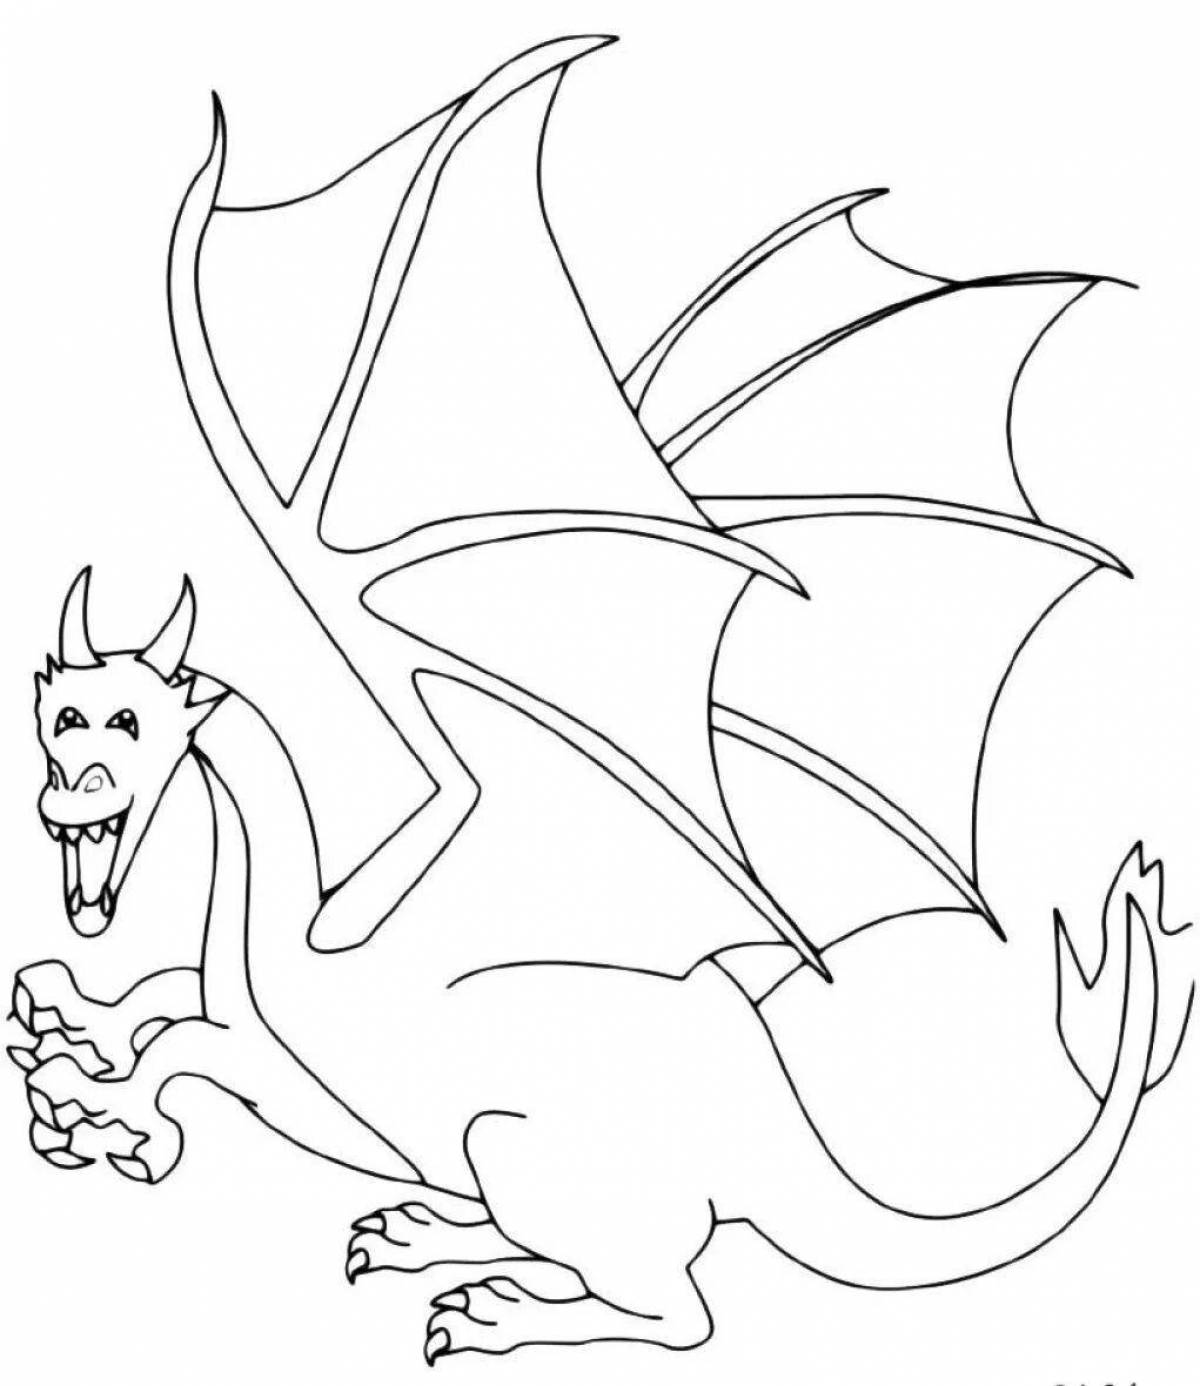 Цветная раскраска «дракон» для детей
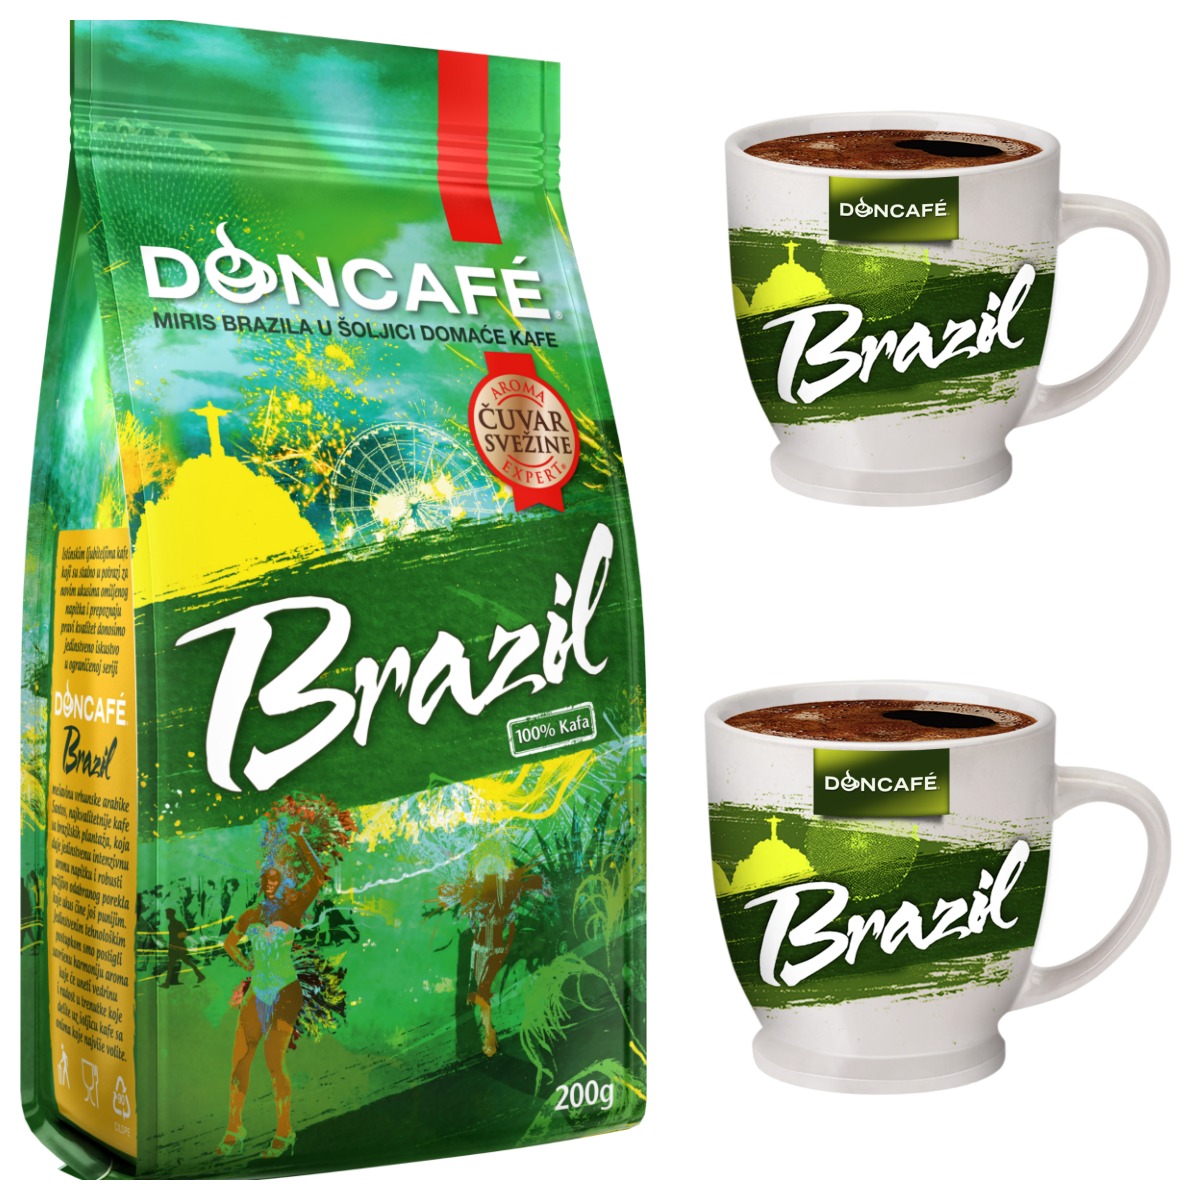 Doncafe Brazil
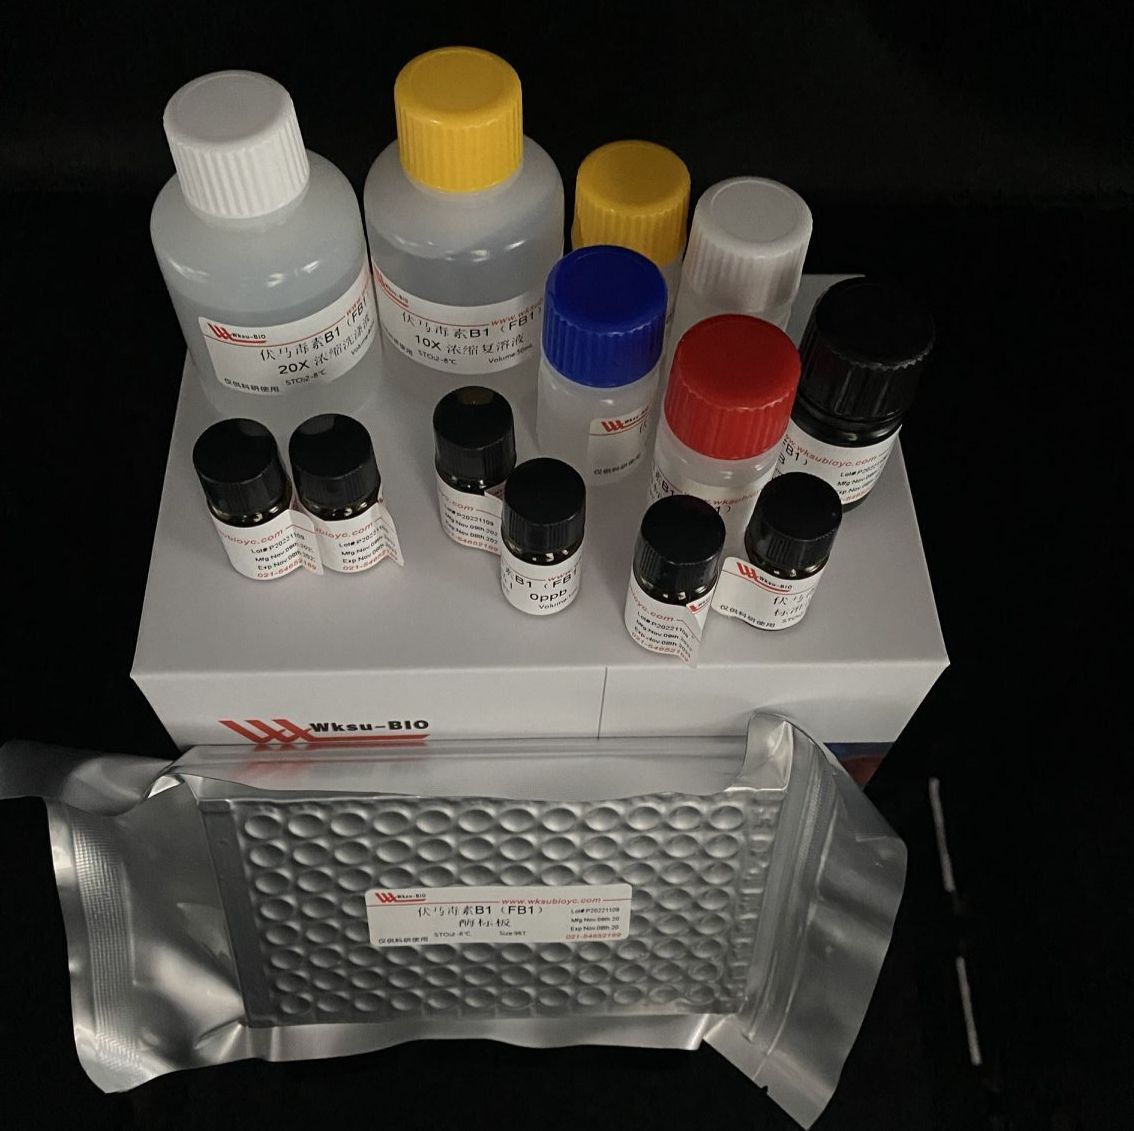 土壤脂肪酶(S-LPS)试剂盒,微板法

- _The problem_
Output the listing exactly, pictures excluded.

- _Answer to this problem_
 Цветная раскраска «дракон» для детей
 Doncafe Brazil
 土壤脂肪酶(S-LPS)试剂盒,微板法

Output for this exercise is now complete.